The ablation shows that SLIC and Dice strategies improve mIoU by 2.36% and 2.56%, respectively, reducing training loss and accelerating convergence. Figure 5 illustrates Dice postprocessing’s positive impact on training, confirming our strategies enhance mask precision and facilitate convergence on terrain semantics and spatial information.

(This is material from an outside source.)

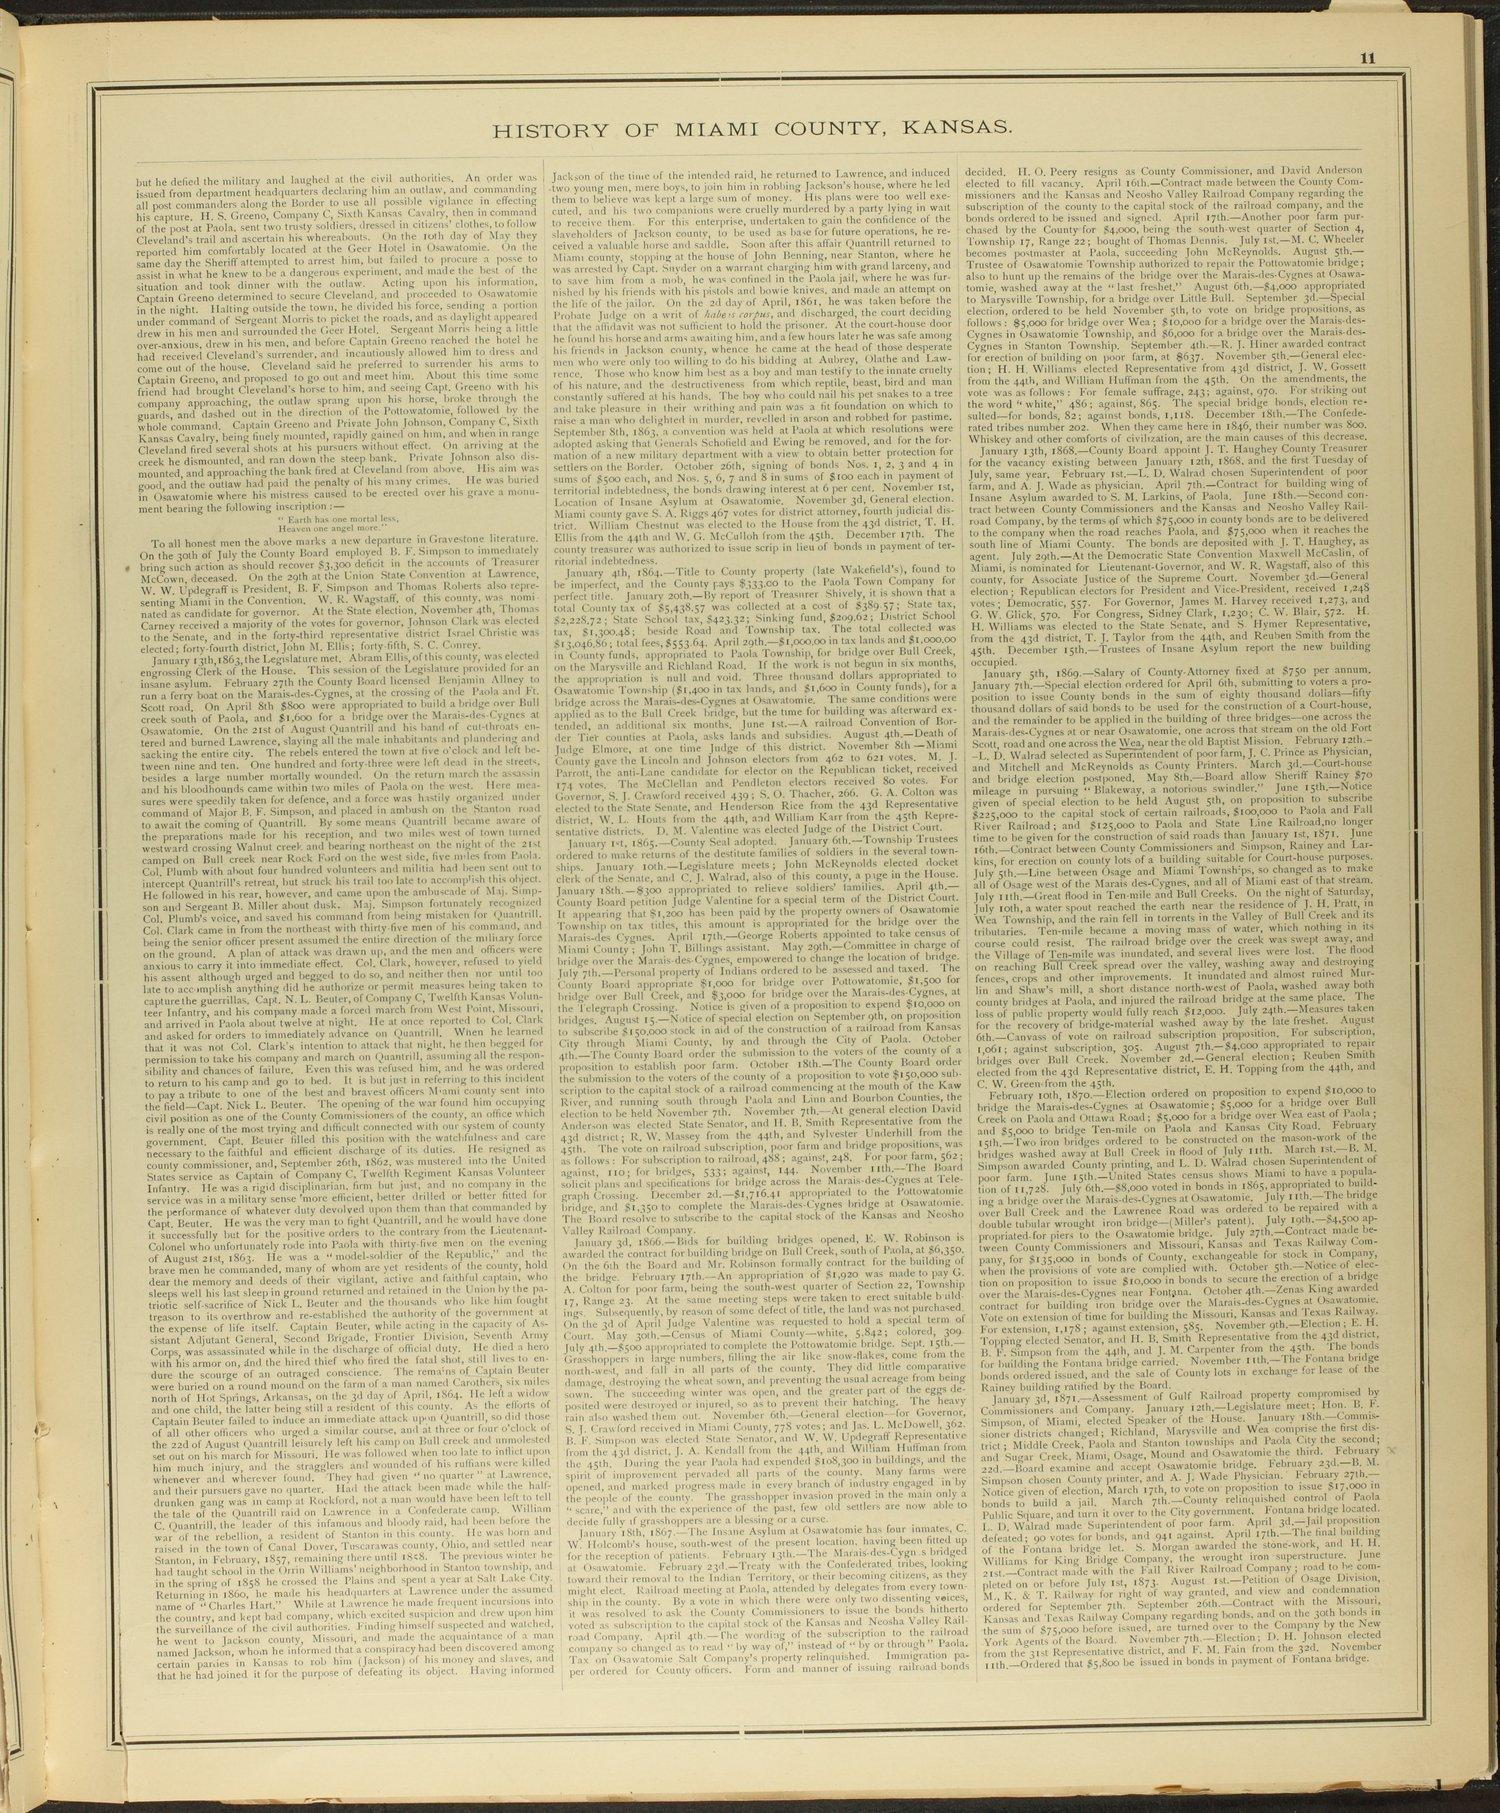 An illustrated historical atlas of Miami County, Kansas - 11
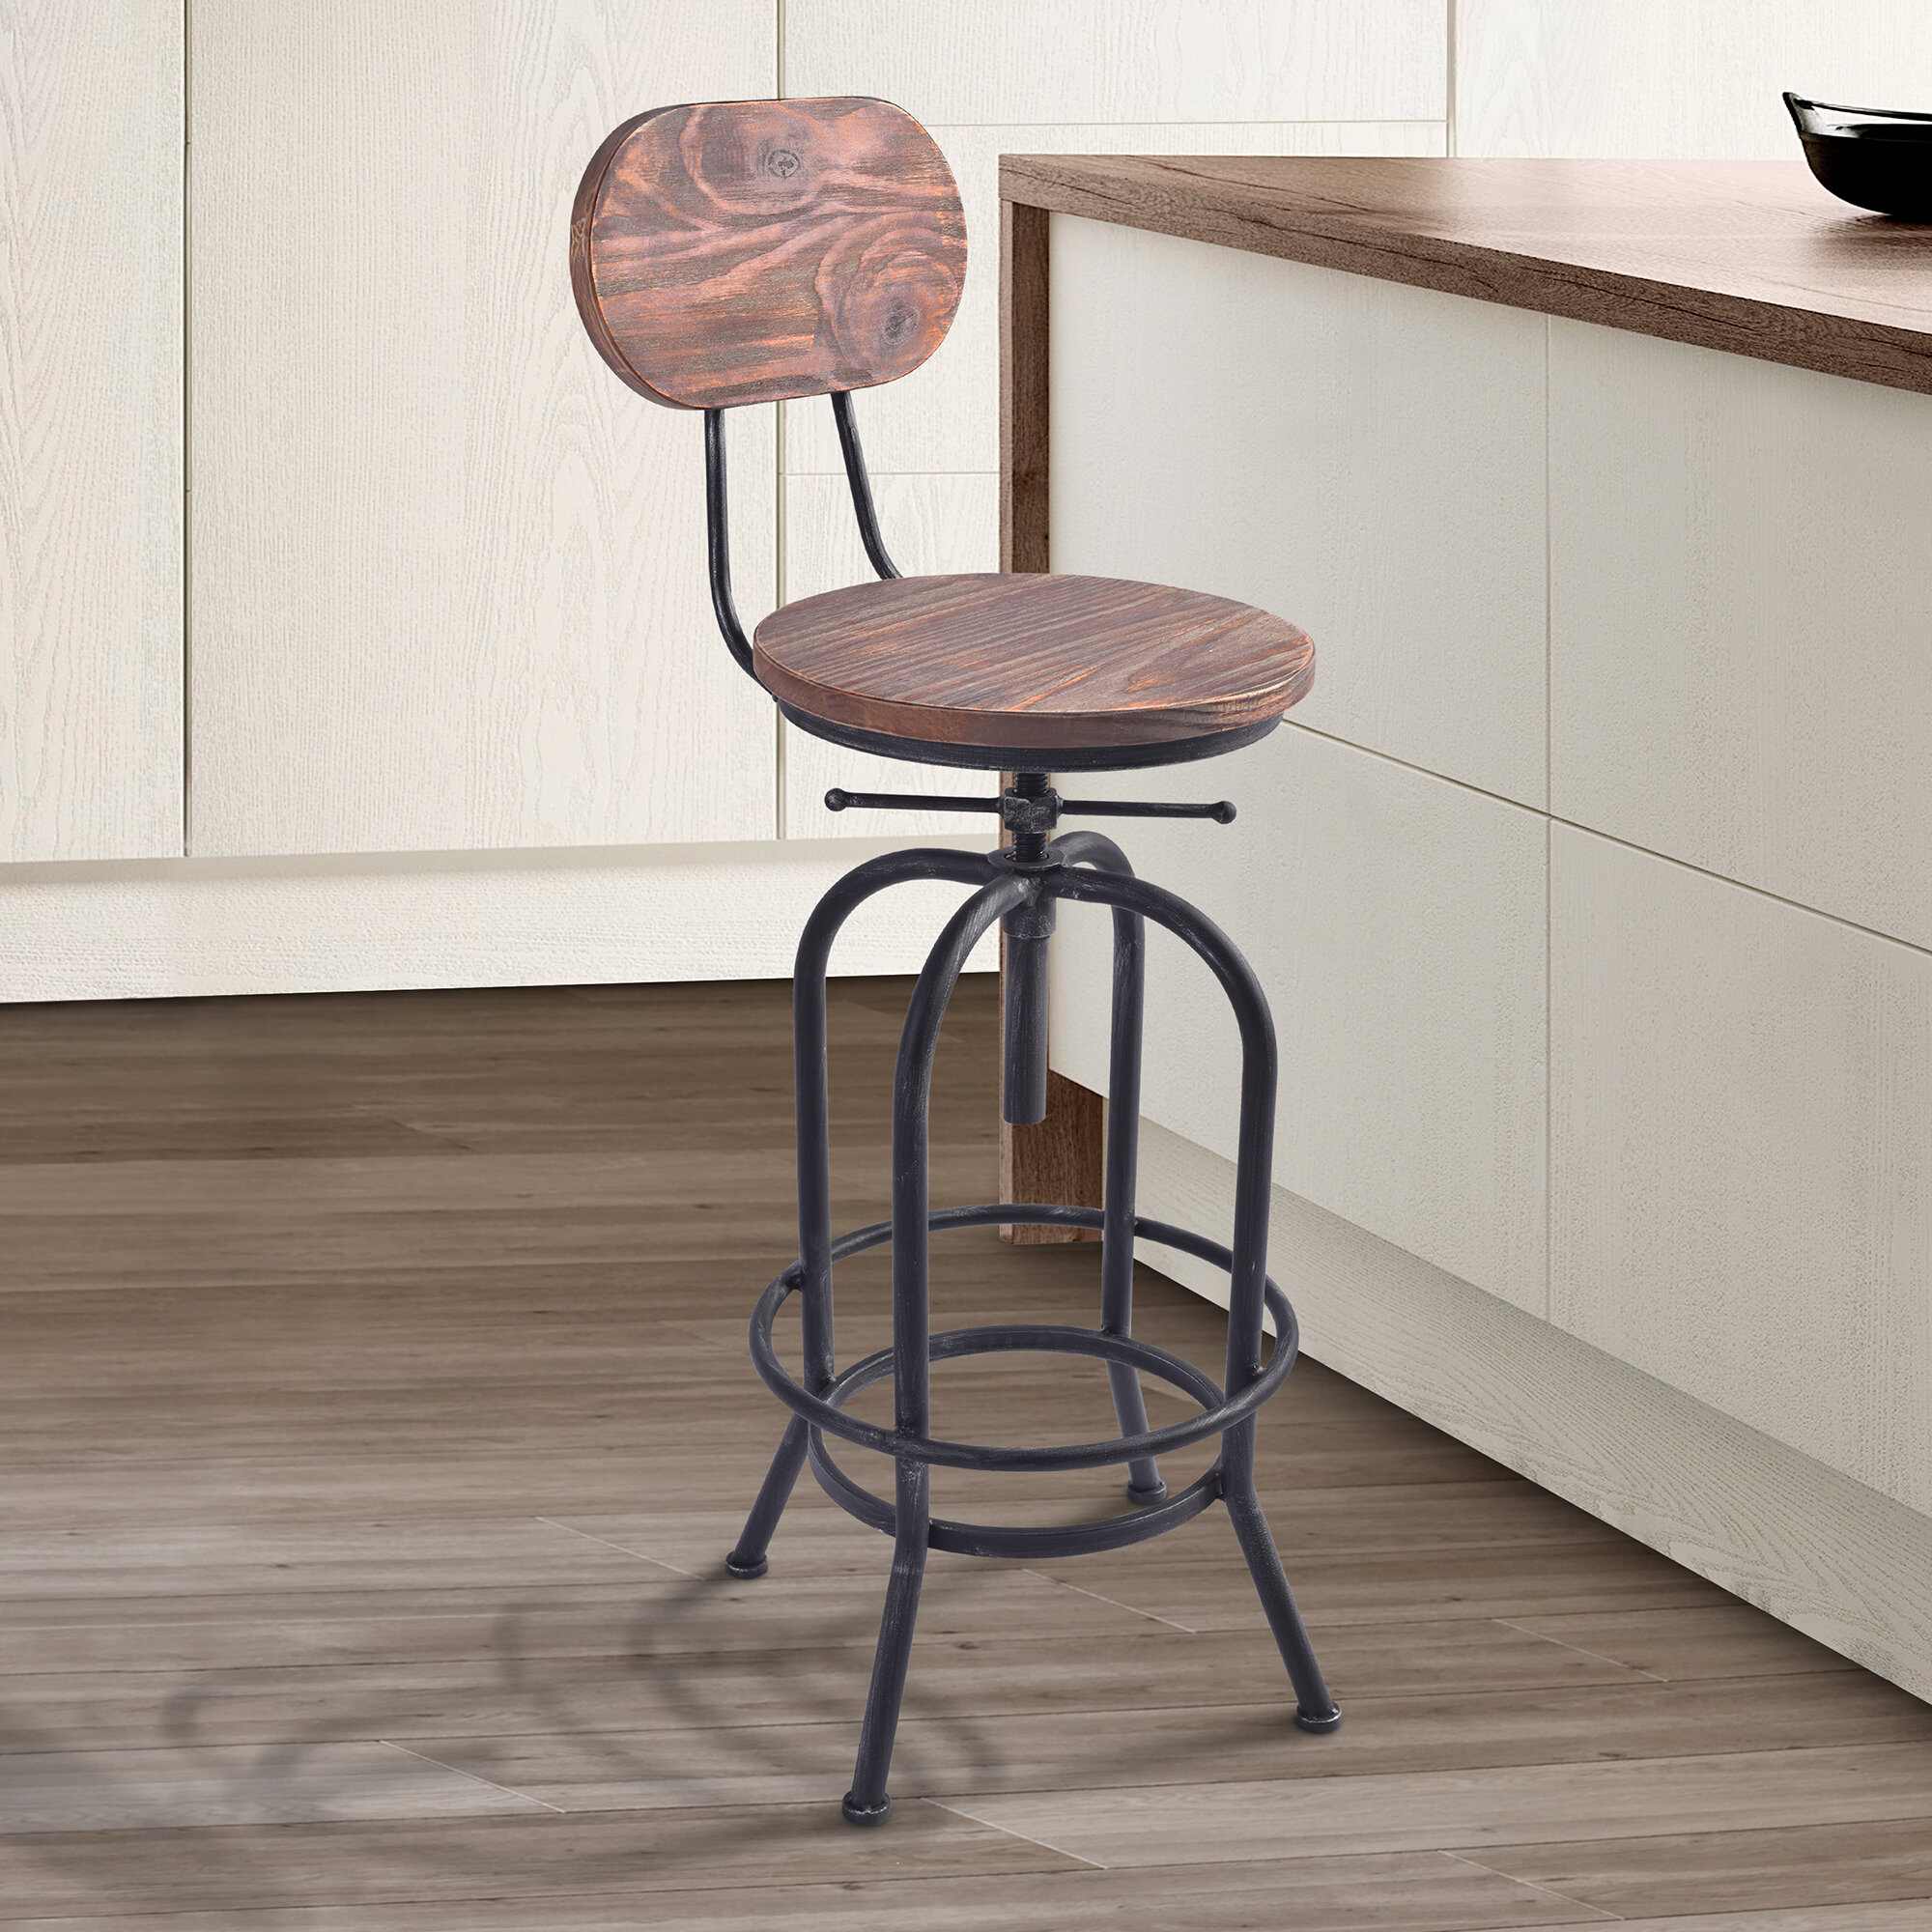 Awe Inspiring Pine Metal Bar Stools Youll Love In 2019 Wayfair Alphanode Cool Chair Designs And Ideas Alphanodeonline

In quadruped robot prototype experiments, we first use drone-collected images and terrain-related text input to the algorithm framework to automatically generate terrain masks. These serve as supervision for building a lightweight segmentation model deployed on the robot for real-time image segmentation. Following parameter settings, the model accurately segments terrains like grass, concrete, and gravel. The experimental environment includes original camera images and model predictions. Based on segmentation results, the robot avoids hazardous terrains and selects optimal motion strategies: grass is marked dangerous, prompting detours; concrete allows low-step-frequency, high-stride fast movement; and gravel requires higher step frequency and reduced speed for safe passage. This approach enables safe navigation from start to destination while avoiding non-geometric obstacles like grass. Practical tests show the lightweight model delivers reliable segmentation, enhancing travel efficiency and safety in robot technology.

In conclusion, we propose a robotic terrain perception algorithm based on multimodal text-visual large models. Leveraging CLIP and SAM’s generalization and interpretability, it achieves terrain segmentation without labeled data, supporting autonomous navigation in complex environments. Cityscapes dataset evaluations show over 75% usable masks with road terrain IoU of 90.14%. For quadruped robot terrain perception, real prototype experiments using outdoor visual texture information yield a lightweight model with mIoU of 96.34% on test data, demonstrating high segmentation accuracy and computational efficiency. This work enhances environmental adaptability and safety in robot technology, offering new solutions for complex computations on edge devices. Future efforts will focus on innovating fusion algorithms to maximize multimodal data advantages, improving segmentation precision and robustness for extremely complex terrain environments in robot technology applications.